- DATA TO EXAMINE -
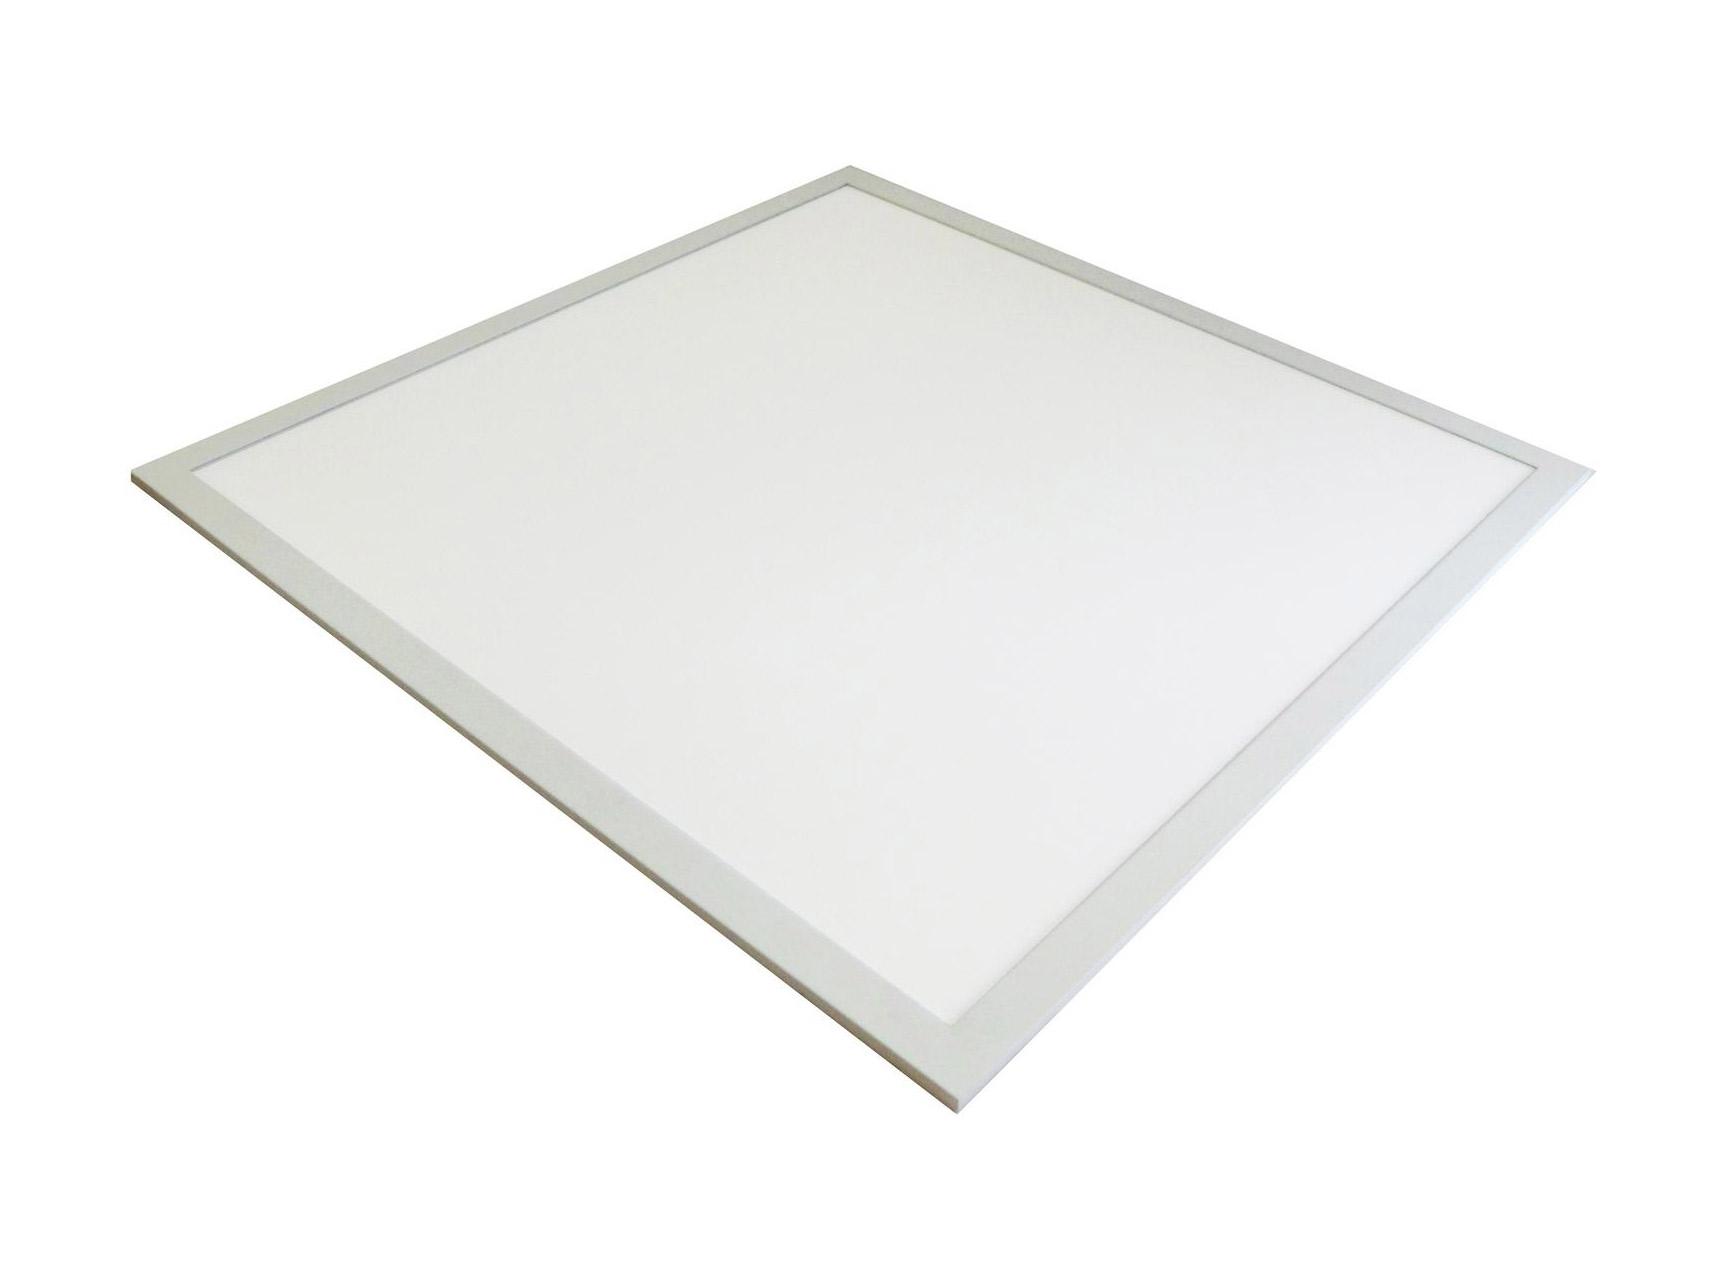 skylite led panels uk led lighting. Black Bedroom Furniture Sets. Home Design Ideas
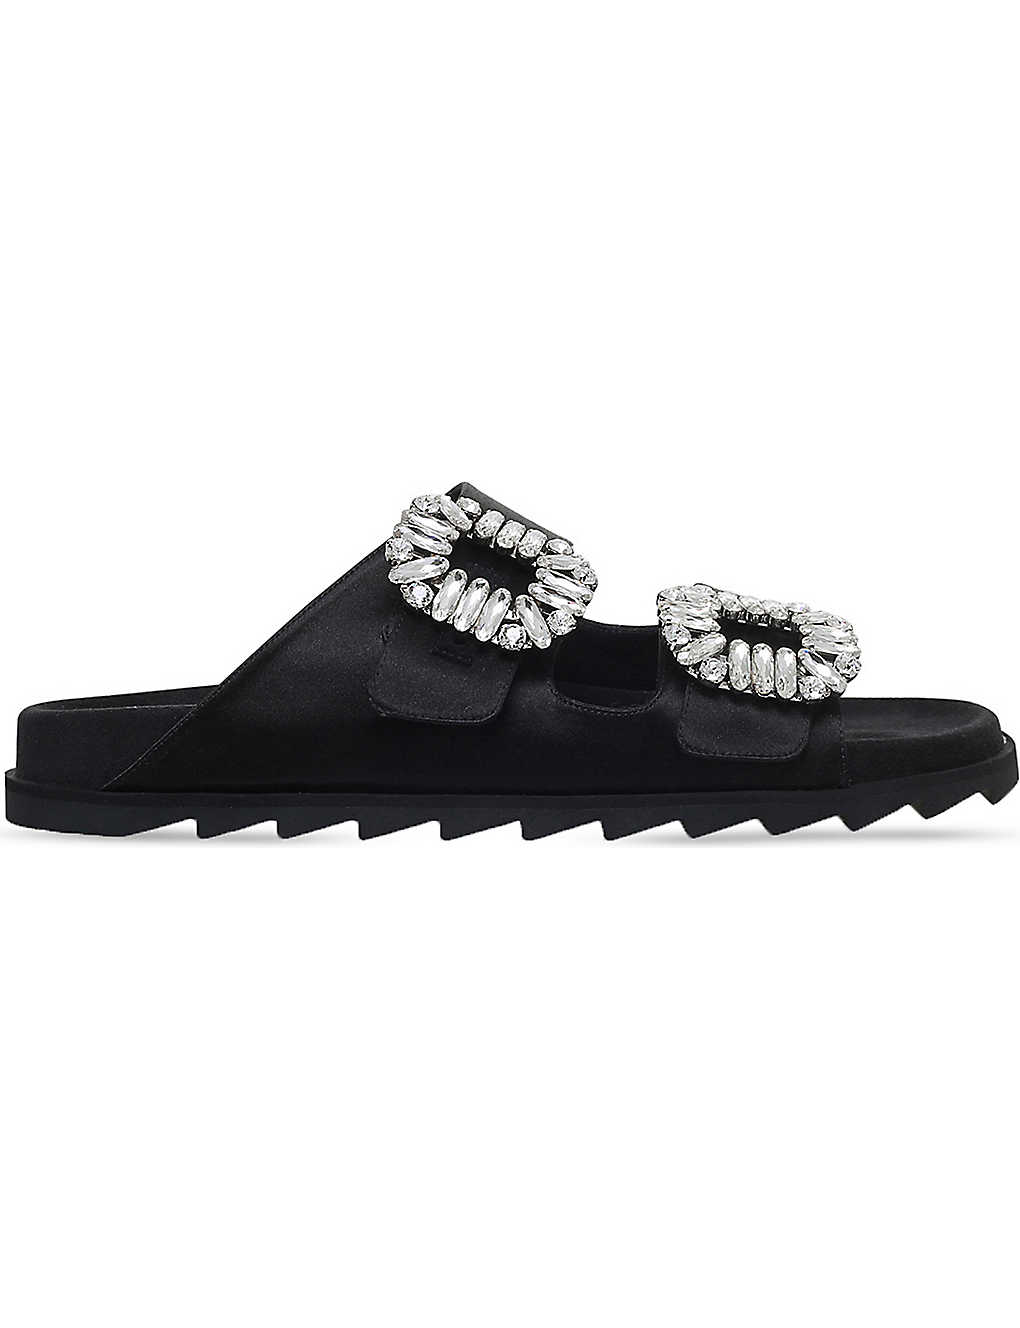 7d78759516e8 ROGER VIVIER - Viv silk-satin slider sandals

...

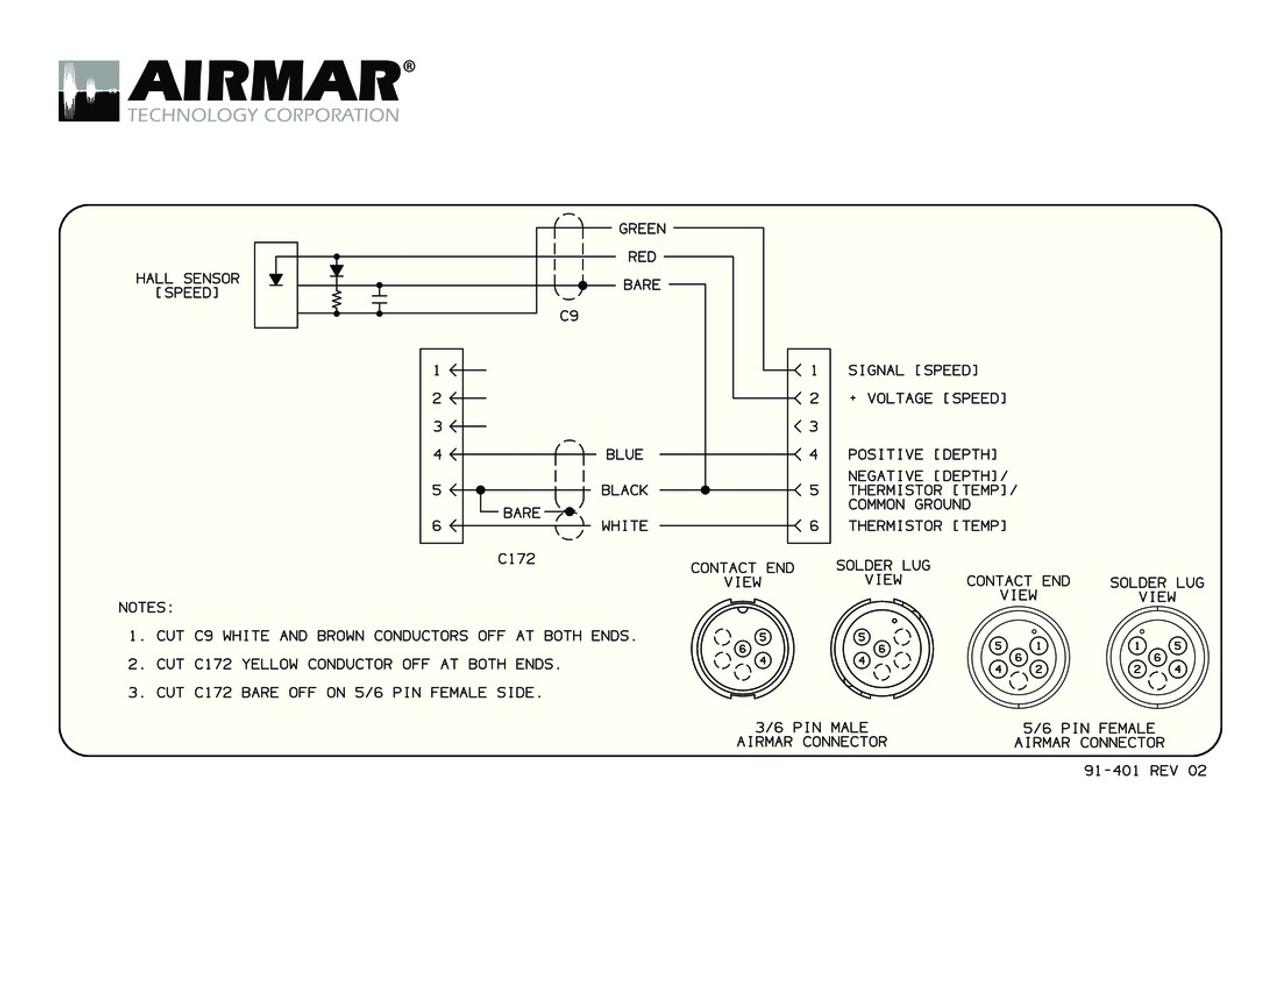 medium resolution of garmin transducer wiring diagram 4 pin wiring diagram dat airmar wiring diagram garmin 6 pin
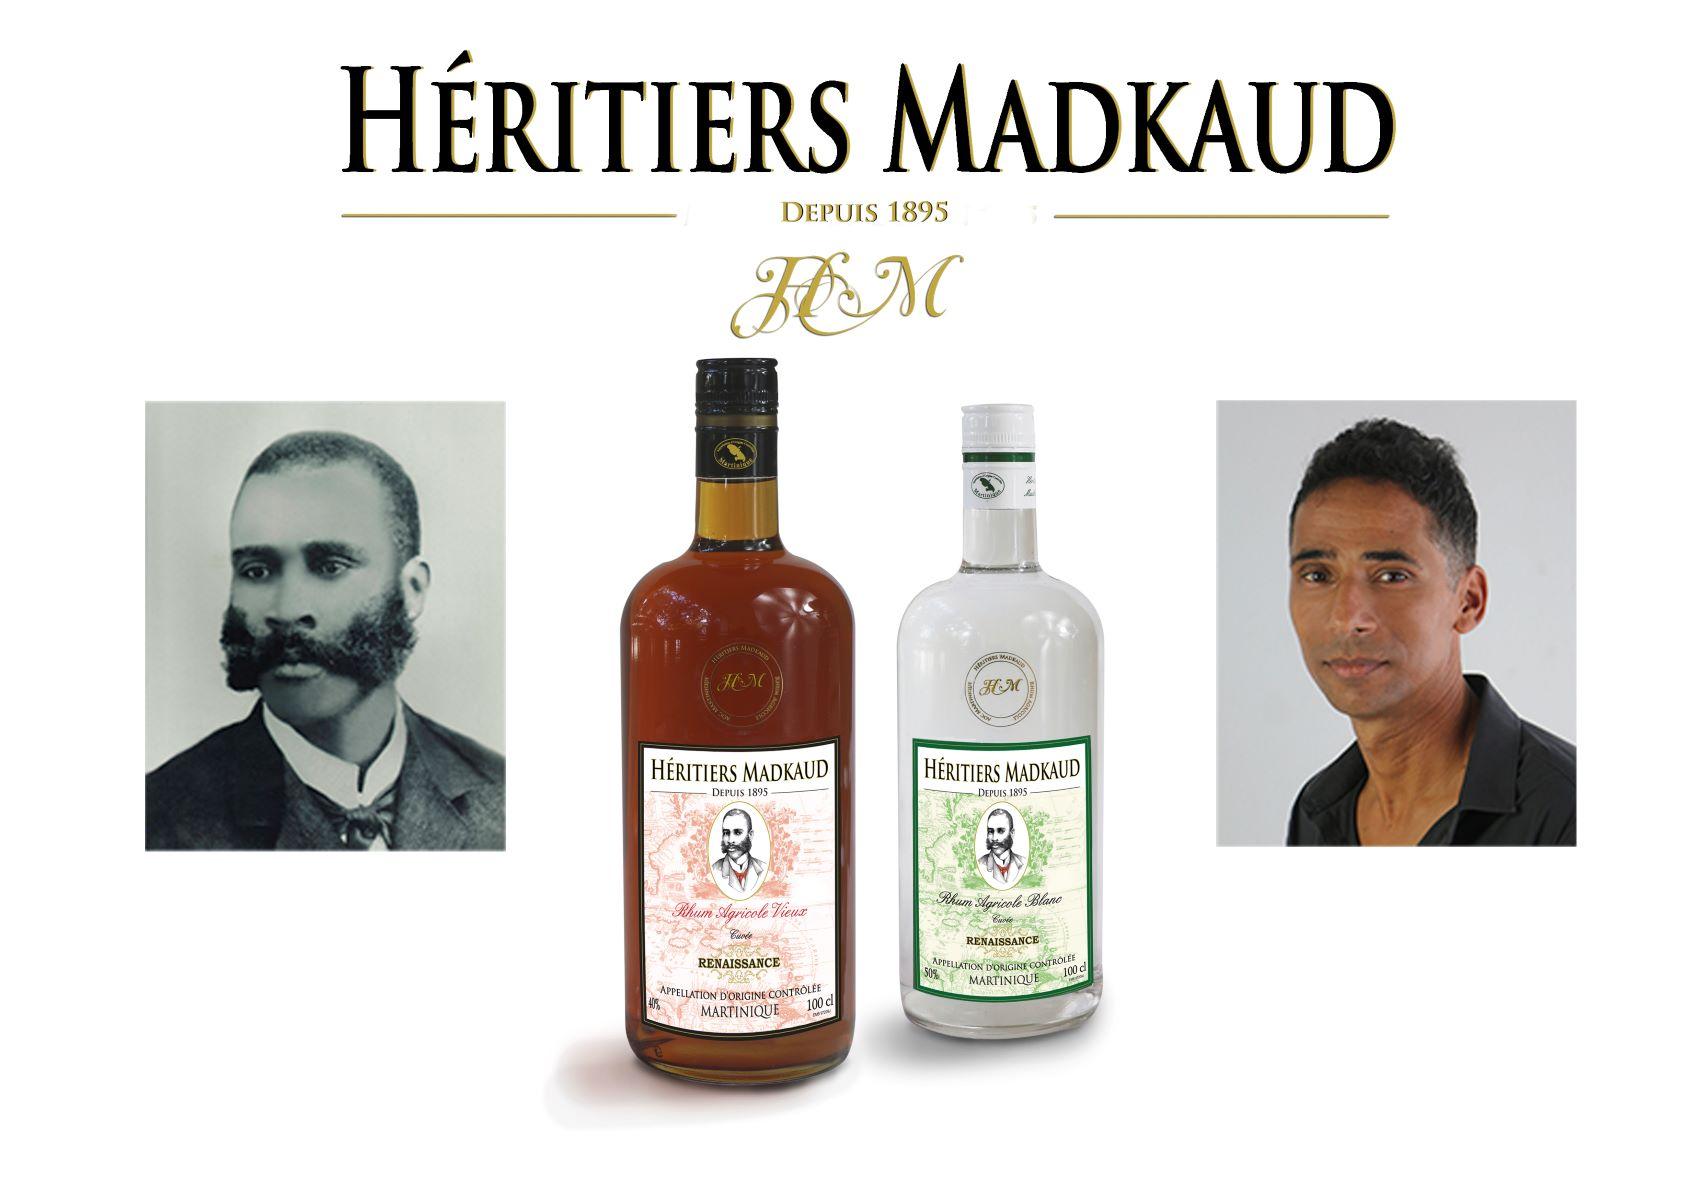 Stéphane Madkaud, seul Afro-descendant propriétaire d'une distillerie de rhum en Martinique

* * *

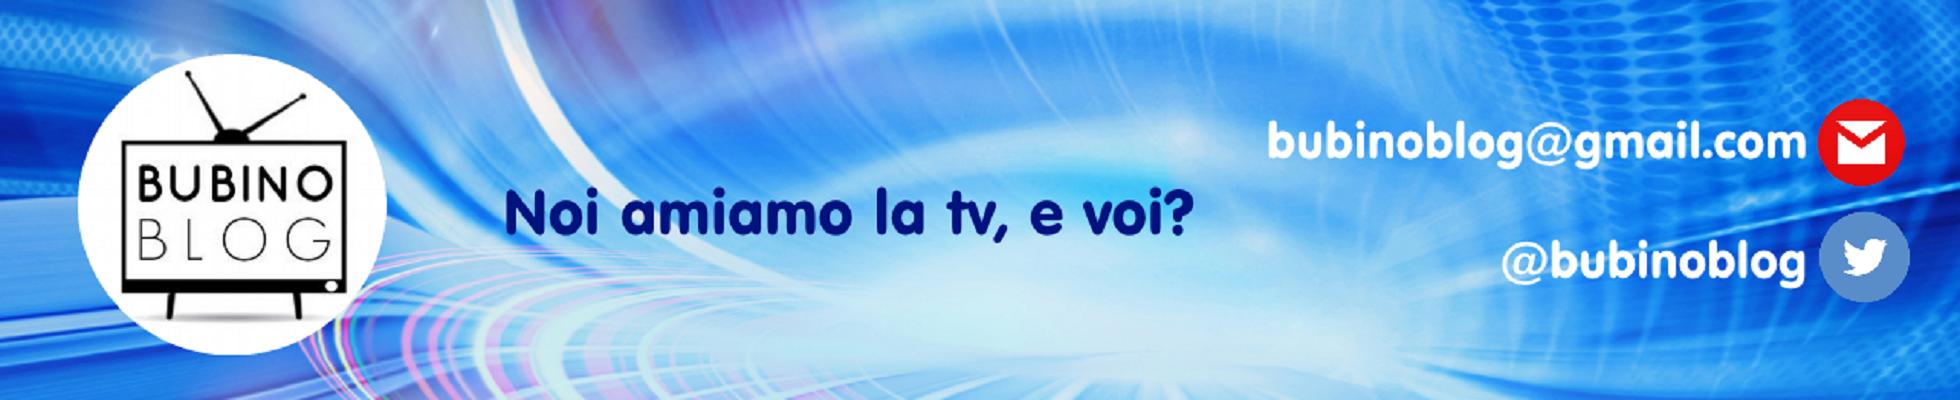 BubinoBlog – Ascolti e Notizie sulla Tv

- WHAT TO WORK ON -
In the listing above, find the line with "skylite led panels" and the line with "7d78759516e8 ROGER VIVIER". Transcribe those two and everything between, exactly, leaving out pictures.

- YOUR RESPONSE -
 skylite led panels uk led lighting. Black Bedroom Furniture Sets. Home Design Ideas
 7d78759516e8 ROGER VIVIER - Viv silk-satin slider sandals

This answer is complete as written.